New York Regulators Slash Orange and Rockland Utilities Rate Request by 80 Percent
The New York State Public Service Commission established a three-year rate plan for electric and gas service for customers of Orange and Rockland Utilities, Inc., reducing the rate request by 80 percent.
- Under its last proposal, the utility sought a total electric revenue increase of $30 million, or 3.3 percent, and a $2.2 million gas revenue bump, or about 1 percent. Instead, the commission approved first-year electric rate inflation of $8.6million, or 0.4 percent, and slashed the first-year gas rate by $5.9 million, or negative 2.5 percent. In the second year, electric revenues will go up by about $12 million, or 1.9 percent, and the same again in the third year.
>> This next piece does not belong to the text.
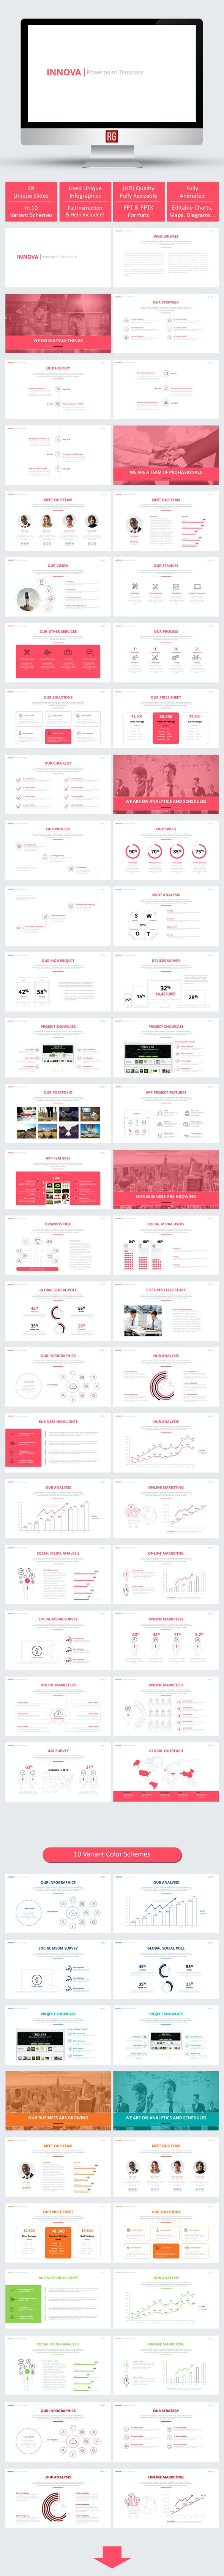 Innova Powerpoint Template - Business PowerPoint Templates

Gas revenues in the second and third years will see a 0.4 percent bump.
- Under the new rate plan, a typical residential electric customer will see the monthly bill go up by $2.90 or 2.4 percent in the first year starting in January 2019, $3.07 or 2.5 percent in 2020, and $3.04 or 2.4 percent in 2021.
- An average residential gas customer will see a monthly bill decrease of about $2 in the first year, or -1.5 percent, an $0.83 increase in the second year, or 0.6 percent, and a $1.07 increase in the third year, or 0.8 percent.
- Eligible low-income electric customers will see their electric bill go down by 44 percent.
- The regulator also decided to boost O&R’s electric energy efficiency budget by approximately $6 million over the three-year period, with the goal of saving a minimum of 134,544-megawatt hours. The same goes for the gas energy efficiency budget, which went up by approximately $498,000 over the three-year period to save a minimum total of 68,559 dekatherms.